GitHub - phinnphace/eugenics-footnotes: How the Iris Dataset is still "canonical" in ML, intro stats and CS without any discussion of how R.A. Fishers beliefs influence methodology. .

eugenics-footnotes The Iris Dataset: An Accidental Case Study in Pedagogy, Methodology, and Real-World Implications

The Iris dataset is ubiquitous in introductory statistics and machine learning. It is typically presented as a parable of clean categorical separation. Its documentation explicitly states that two of the three species overlap — yet it serves as the canonical example of perfect classification in statistics and machine learning education.

That contradiction is not accidental. It reveals how statistical pedagogy systematically erases empirical complexity to preserve the myth of clean categorical boundaries. And it opens a longer question: what else gets erased, and whose interests does that erasure serve?

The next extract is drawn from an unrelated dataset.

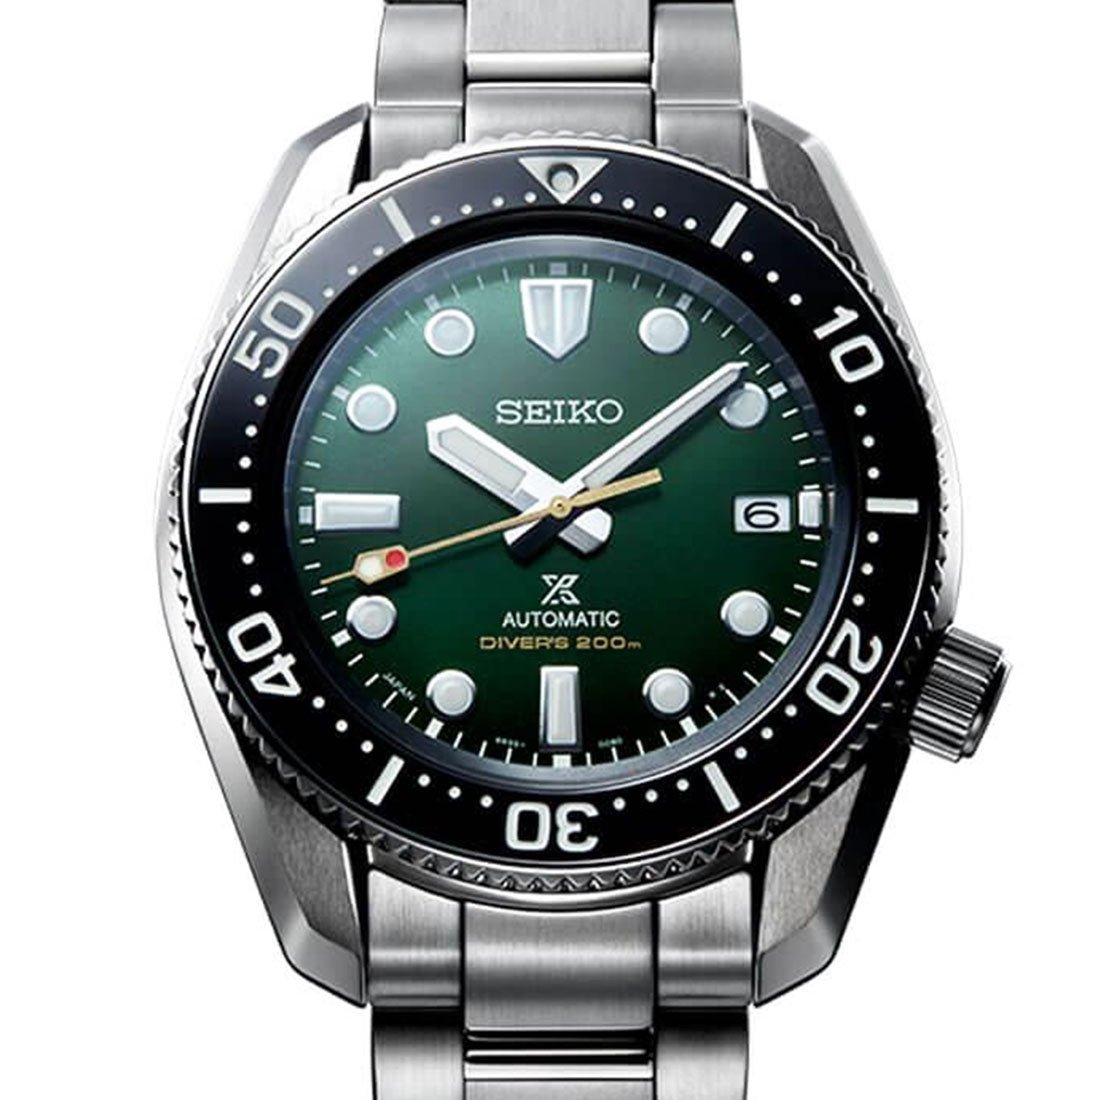 Seiko Prospex Marinemaster JDM Divers Watch SBDC133 -Seiko

This project began as a course assignment and became something else. Two analysts worked independently on the same dataset and arrived at divergent findings — not because one was wrong, but because their training shaped what each looked for. That divergence became the case study itself. Read the Analysis

Working paper: https://tinyurl.com/IrisConsulting (redacted for collaborator privacy)

Read the Analysis

Data source UCI ML Iris Dataset https://archive.ics.uci.edu/dataset/53/iris Exploratory Data Analysis RPubs https://rpubs.com/marksonp/1376907 Consultant's Analysis (redacted) RPubs https://rpubs.com/marksonp/Consultants_redacted Reanalysis RPubs [(https://rpubs.com/marksonp/Iris_reanalysis) Full sequence tinyurl.com/IrisConsulting

What This Is This is a methodological critique, not a machine learning tutorial. The Iris dataset is the entry point — Fisher's dataset, Fisher's legacy, and the statistical frameworks forged in an era when eugenics, typological thinking, and colonial science were dominant paradigms.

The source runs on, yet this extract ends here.